Exercise details:
Give back exactly the lines of the data below, starting with the line that has "the-best-care-package-ideas-free-printables-world-celebrat-daily" and going on through the line that has "Collection of various".

== Exercise data

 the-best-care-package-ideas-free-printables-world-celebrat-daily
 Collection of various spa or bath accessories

====
== Exercise data

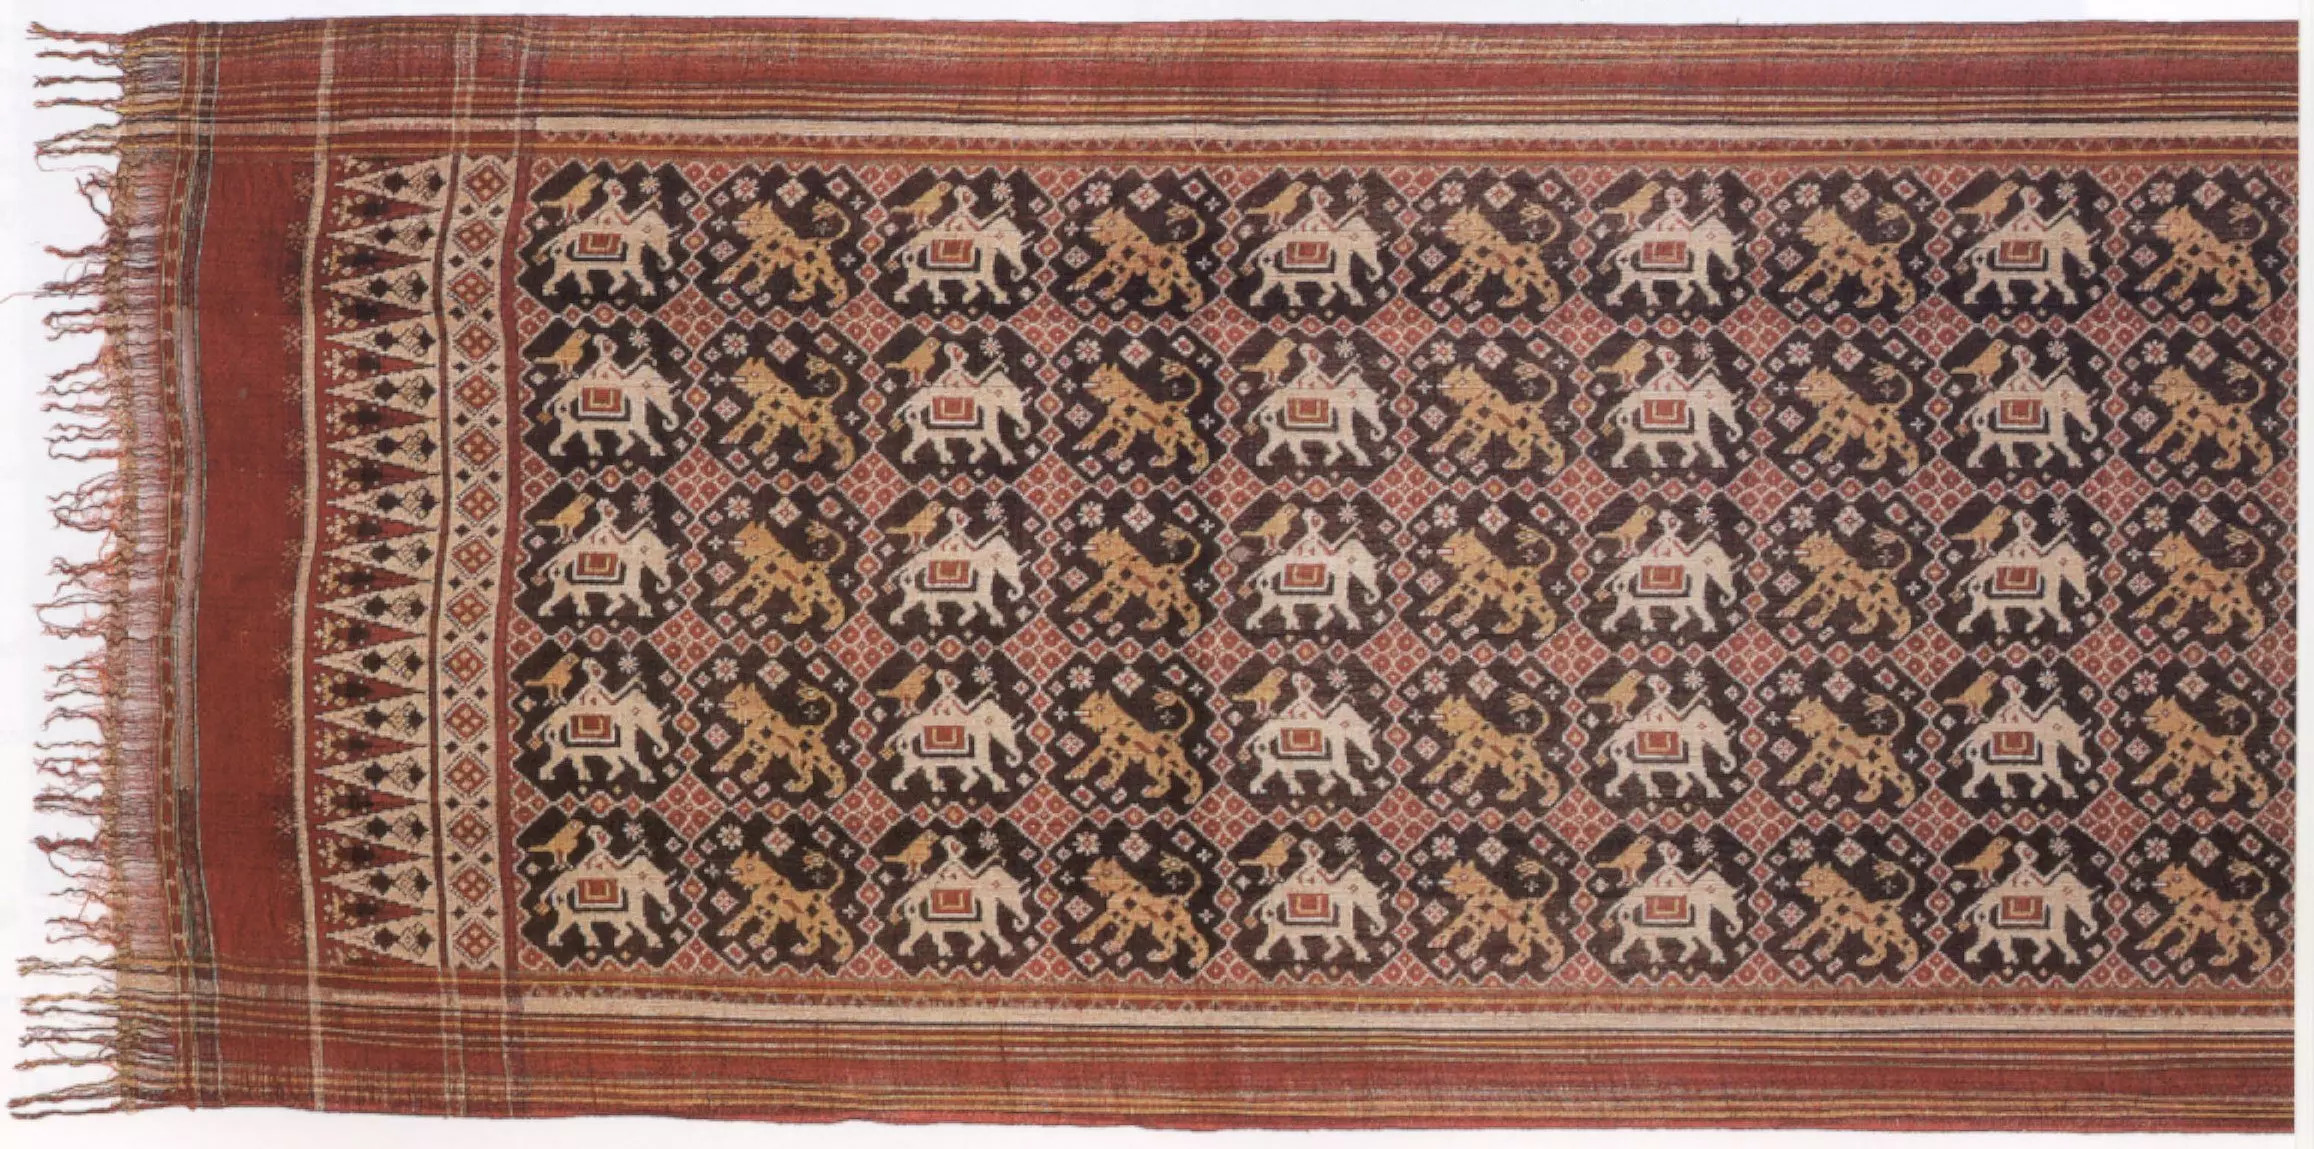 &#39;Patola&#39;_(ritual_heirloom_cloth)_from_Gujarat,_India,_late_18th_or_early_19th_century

====

Answer to the exercise:
 the-best-care-package-ideas-free-printables-world-celebrat-daily
 Collection of various spa or bath accessories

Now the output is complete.